The combination of rising home prices, decreased supply, and talk/action from the FED to increase interest rates are making homeownership unaffordable for new buyers that have yet to accoumulate significant wealth.

But there's connective tissue here to last weeks episode. I shared the story of 4 development projects across the country and noted that construction projects are taking longer.

I was talking to a developer last week and he was talking about a developer that got started doing 20-40 unit projects out of the back of his truck back in the late 70s early 80s. It was just him. 1 man developer team that worked with subs. Eventually his son joined the game and the team grew as they were getting more and more units under management.

He asked me, "Could you imagine trying to do a 20 unit project in a year. Alone?"  I told him I've trying to do a 4 unit alone and it's taking at least 2 years...

Which leads us to the blog of Patrick Collison. He is the co-founder and CEO of Stripe. Stripe is a payment processing platform for internet businesses. If you've bought stuff on the internet your credit card data has likely moved through Stripe's network.

On Patrick's Blog is a page called "fast". It's a list of examples of people quickly accomplishing ambitious things together.

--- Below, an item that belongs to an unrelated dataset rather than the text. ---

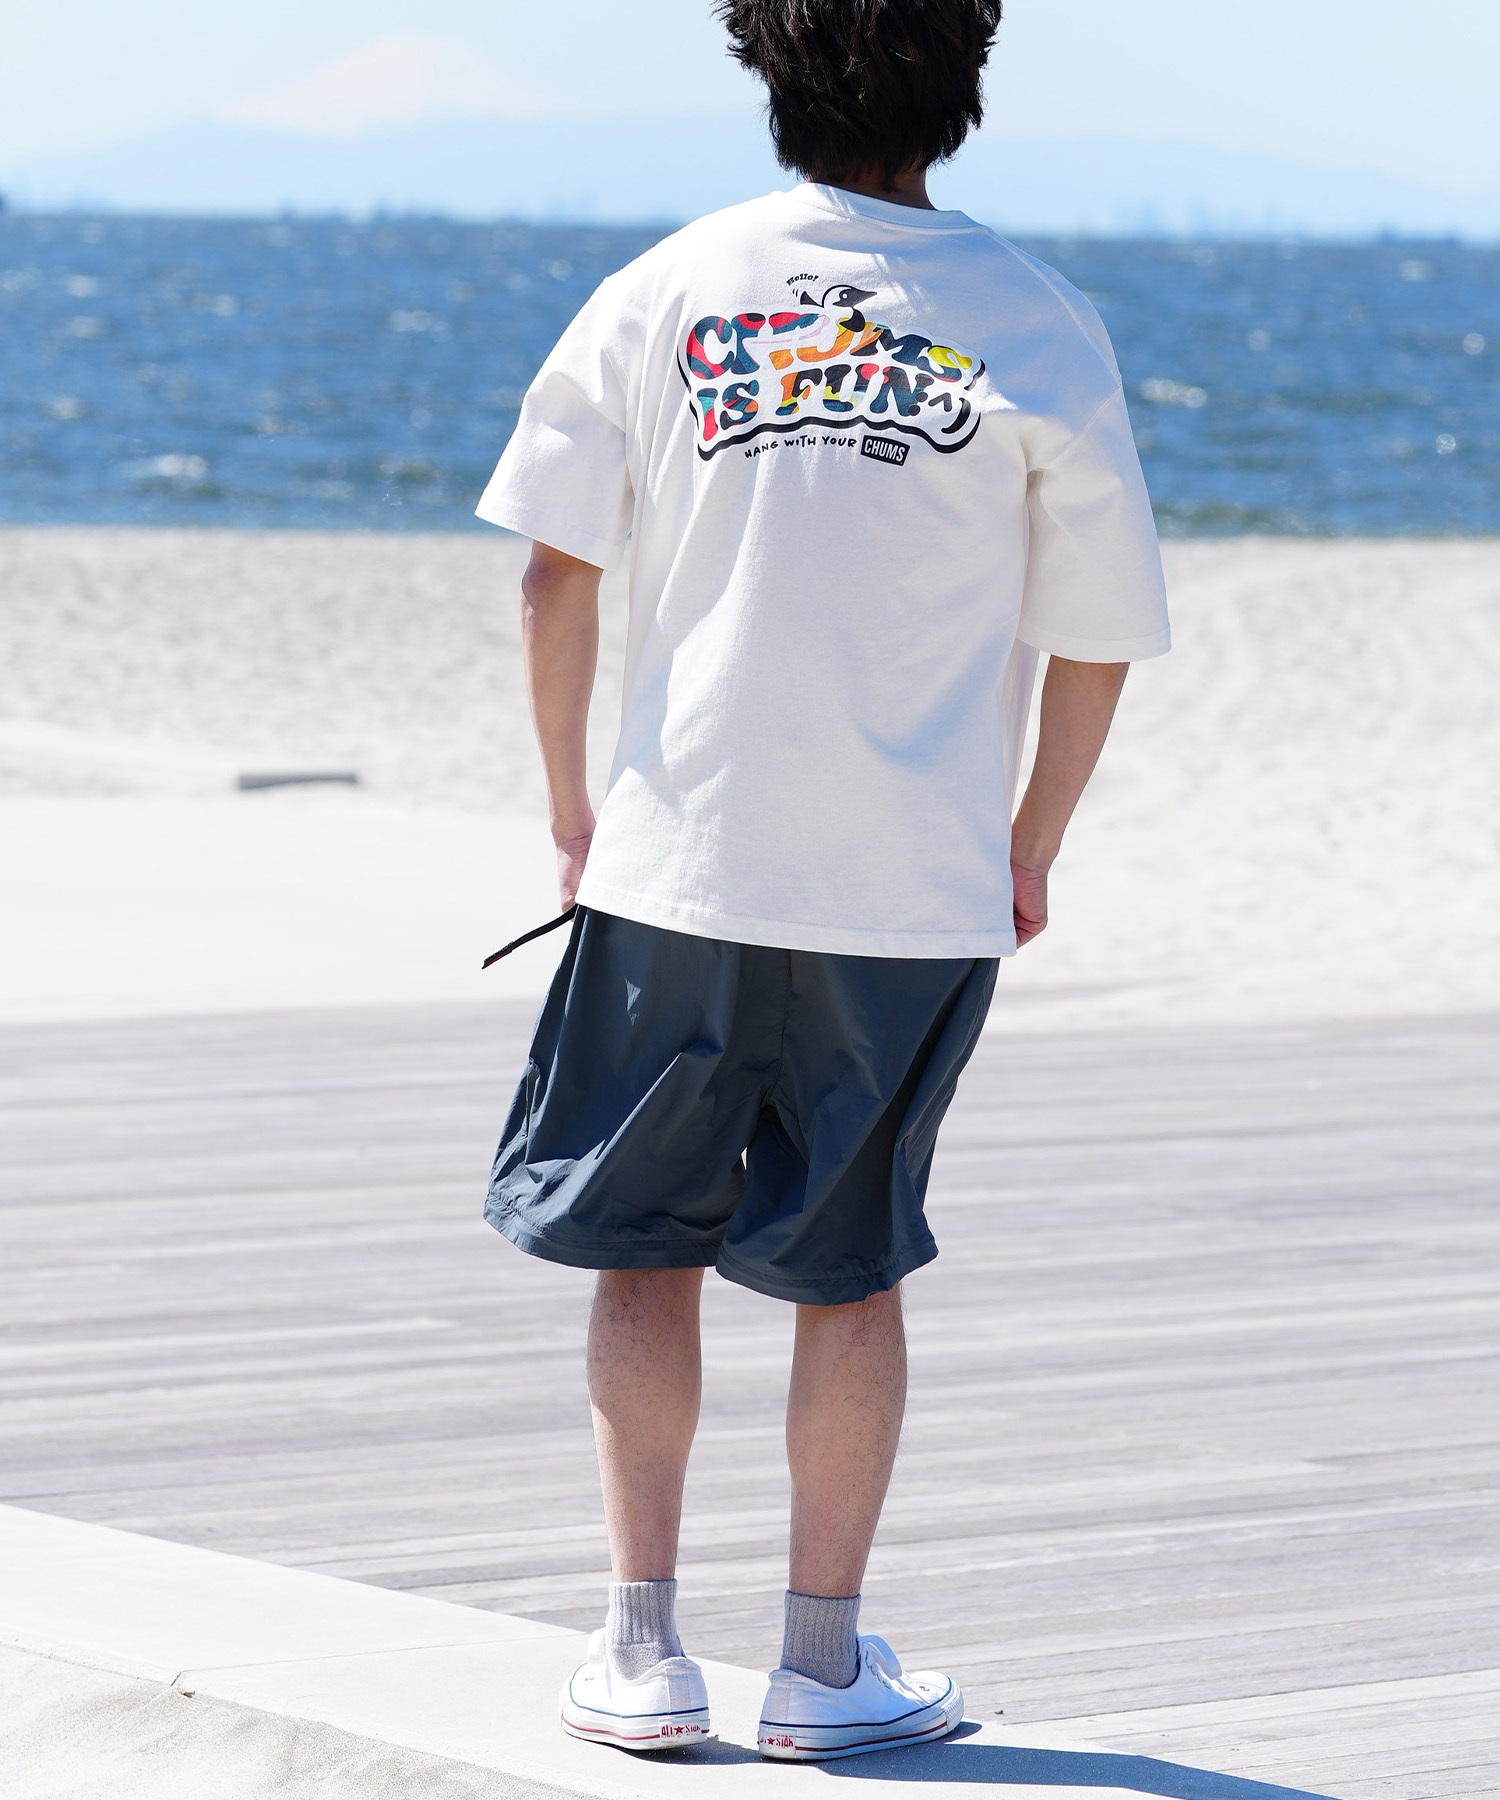 【マトメガイ対象】CHUMS チャムス メンズ Tシャツ 半袖 ロゴ ブービーバード マーブル柄 バックプリント オーバーサイズ CH01-2357(Z077-M)

For example: The Eiffel Tower was built in 2 years and 2 months. The p-80 shooting star, the first US jet fighter was designed and delivered in 143 days. Disneyland was built in 366 days. The Empire State Building 410 days. The pentagon? The largest office building in the world. 491 days. More recently, and impressively, the COVID-19 vaccine was sequenced, produced, trialed, approved, and shipped in 266 days.

So why can't we build anything anymore? How did an activity that used to be so generalized. Build housing. Become so specialized, so complicated, that it requires more and more man hours and more and more calendar days? That's a whole other episode. I'll save that one for a bonus episode in the future.

Also saving the Eiffel Tower trivia. That's a fun conversation starter how long do you think it took...

Anyway.

The box this week? "Developer in a box" is a small start up kit I stumbled across by my friends at Inc Dev and Lean Urbanism. I was lucky enough to meet with a group of small developers in my community this past week and a lot of questions are answered in this kit (even though it is still in draft form).

Which leads us to our patterns of the week

  1. Our housing shortage is magnified by supply chain issues and builders unable to grow their teams. Restrictive zoning is another barrier to supply that essentially blocks more efficient and dense constructions.
  2. Home prices continue to increase. After a record pace in 2021 that continues in 2022 as the inventory of homes slid to the lowest level on record (see above)
  3. If you are considering taking on a real estate project, despite of, or perhaps because of the previous two points consider the following: define your primary motivation, understand your tolerance for debt, measure your willingness to manage property, and understand the type of development you'd like to take on.

That's all for this week and I'll talk to you soon.